OIL AND FREEDOM (p 93)

* First Law of Petropolitics - Wherever governments can raise most of their revenues by drilling a hole in the ground rather than by tapping their people’s energy creativity and entrepreneurship, freedom tends to be curtailed, education underfunded and human development retarded.  
* Bahrain set out to break the culture of dependency on the oil welfare state that had dominated their economy since independence in 1971... put a stop to importing low-wage workers from Bangladesh.

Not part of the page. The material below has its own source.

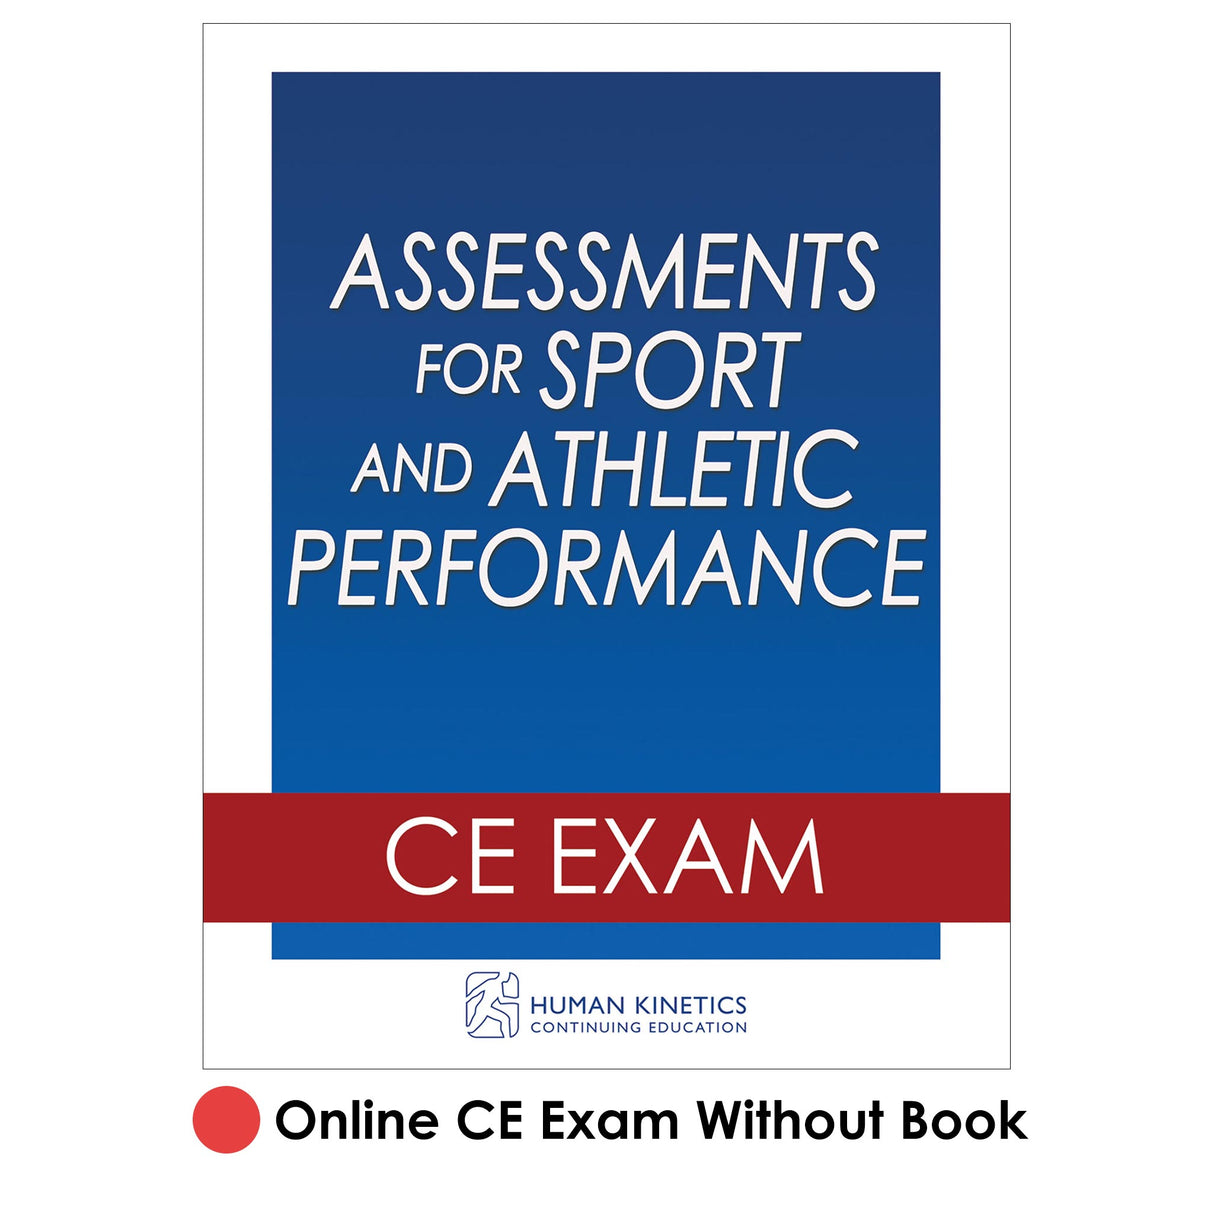 Assessments for Sport and Athletic Performance Online CE Exam Without Book

Bahrain was fir fist Persian Gulf country to discover oi in 1932, but it was the first Gulf oil state to start running out of oil.  Bahrain’s first public debate about corruption was in 1998 when crude oil prices fell to below $15 a barrel.  
* Literal correlation between the price of oil and the pace, scope and sustainability of political freedoms and economic reforms in certain countries.
* Quote from a foreign leader, “When oil was $20 a barrel, Putin had 20% of the Russian vote, when it was $100 a barrel, he had 100% of the Russian vote.  
Friedman plotted the average global price of crude oil over/against the pace of expanding or contracting freedoms (economic and political).
* The higher the price goes the less petrolist (authoritarian states or ones with weak state institutions which are highly dependent on oil sales for exports and government income) leaders care about what the world thinks or says about them... more disposable income to build up domestic security forces, bribe opponents, buy votes or public support and resist international norms.
* How excessive oil wealth impedes the growth of democracy
1 Taxation effect (use oil revenues to relieve social pressures which might lead to greater accountability/representation - can just drill the oil and sell it abroad and don’t have listen to its people
2 Spending effect- oil wealth leads to greater patronage spending 
3 Group formation effect - If country already has a nondemocratic or weak state, government will use its largesse to prevent the formation of social groups which are independent from the state
* The failure of women to join the non-agriculture labor force leads to higher fertility rates, less education for girls and less female influence within the family... leads to strong patriarchal cultures and political institutions
* From a Kuwaiti... We produce nothing, we import everything and we consume a lot (p 104)

OIL AND GEOPOLITICS

* Of the 23 nations in the world which derive a clear majority of their export income oil and gas, not a single one is a democracy
* What America and Britain did when they had financial clout: used their money to advance their national interests abroad.

POST-IRAQ

* Don’t bankrupt oil producers, invent plentiful renewable energy sources... lead to oil-rich states (even) have to diversify their economies and put people to work in more innovative ways.
* Up until 9/11, America said to the Arab world, keep your pumps open, your prices low, don’t bother the Jews too much and you can do whatever you want to out back.  On 9/11, The US got hit with the distilled essence of all the pathologies going on out back.
* Develop clean power alternatives and depend on the forces of globalization from outside and economic pressures inside to push the leaders of these countries to change. (p 108)
* People don’t change when we tell them they should.  They change when they tell themselves they must.
* $70 a barrel followed by $10 a barrel that killed the Soviet Union.
* Friedman - Any American strategy for promoting democracy in an oil-rich region that does not include a plan for developing renewable energy alternatives that can eventually bring down the price of oil is doomed to fail.  
* Second Law of Petropolitics- You cannot be either an effective foreign policy realist or an effective democracy-promoting idealist without also being an effective energy-saving environmentalist.